To investigate this hypothesis, Sweetman sent several kilograms of polymetallic nodules, which were collected from the ocean floor, to Geiger’s lab at Northwestern. Sweetman also visited Northwestern last December and spent a week in Geiger’s lab. Just 1.5 volts (the same voltage as a regular AA battery) is enough to split seawater. Amazingly, The team recorded voltages of up to 0.95 volts on the surface of individual nodules.And when several nodes are grouped together, the voltage can be much more significant, as when batteries are connected in series.

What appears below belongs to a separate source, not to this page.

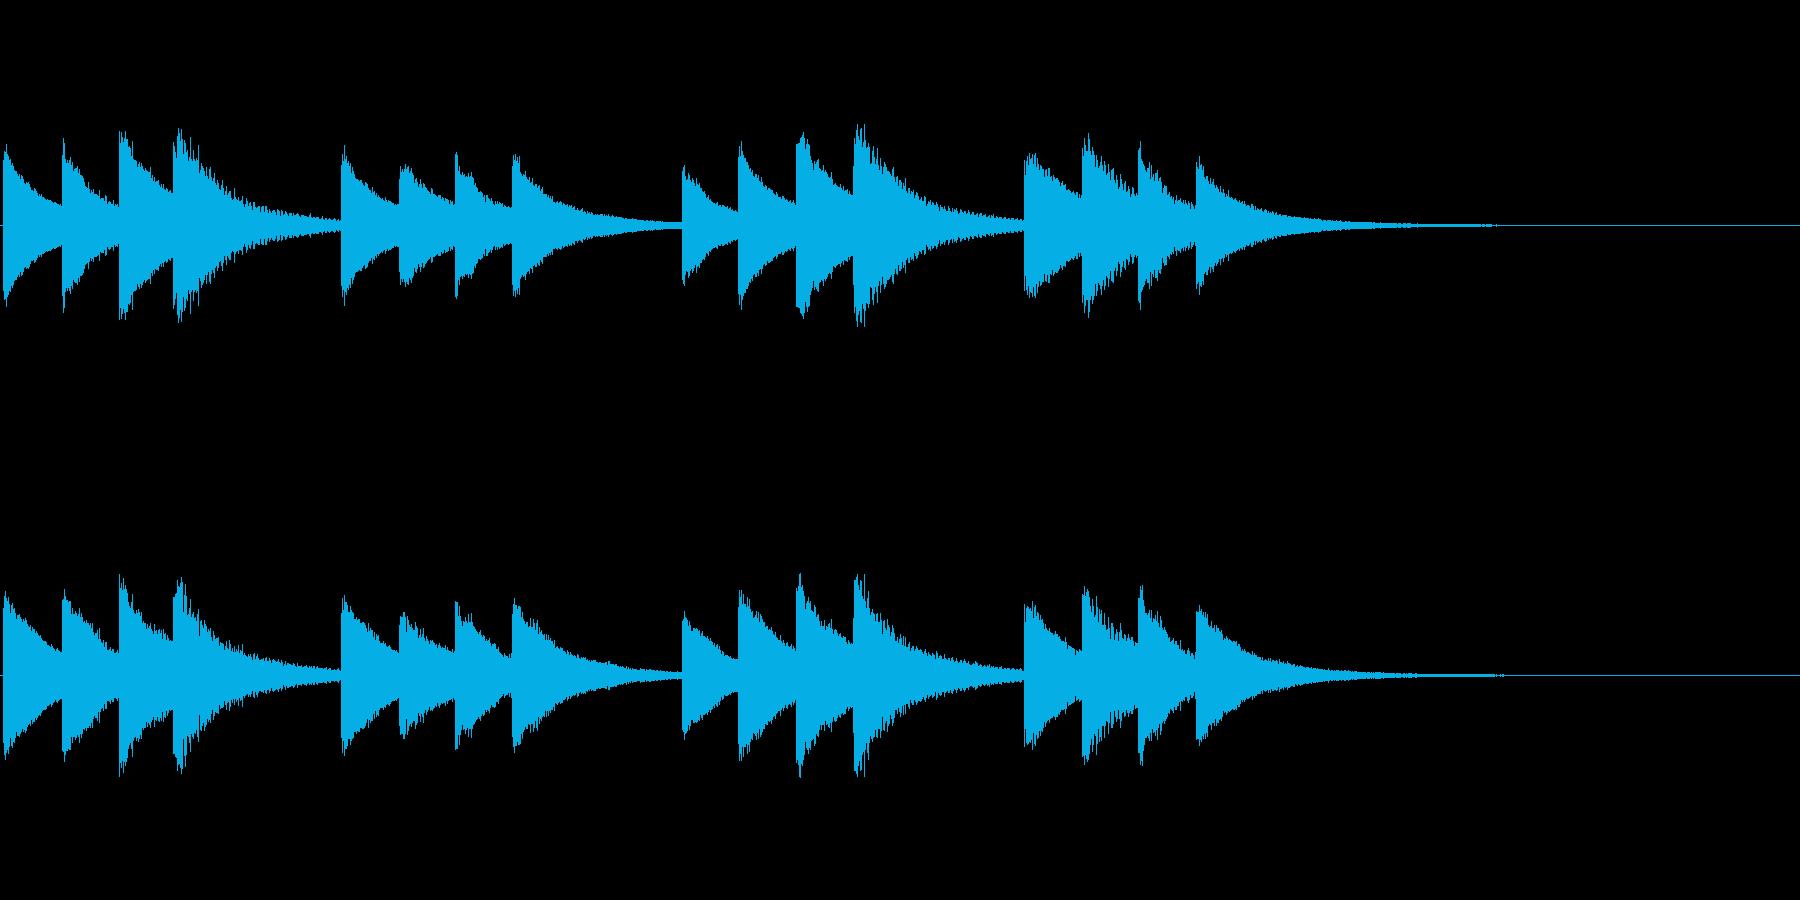 始業・終業 学校のチャイム01の再生済みの波形

“We seem to have discovered a natural ‘geobattery,'” Geiger says. “These geobatteries are the basis for a possible explanation of dark oxygen production in the ocean.” The researchers agree that the mining industry should take this discovery into account before planning deep-sea mining activities. According to Geiger, the total mass of polymetallic nodules in the Clarion-Clipperton zone alone is enough to meet global energy demand for decades. But Geiger sees the mining activities of the 1980s as a warning.

In 2016 and 2017, marine biologists visited sites that were mined in the 1980s and found that not even bacteria had recovered in the mined areas.“, Geiger points out.

“However, in unexploited regions, marine life flourished. It is still unknown why such ‘dead zones’ persist for decades. However, This puts a major asterisk on strategies for deep seabed mining, as the diversity of ocean floor fauna in nodule-rich areas is greater than in more diverse rainforests.“, he concludes.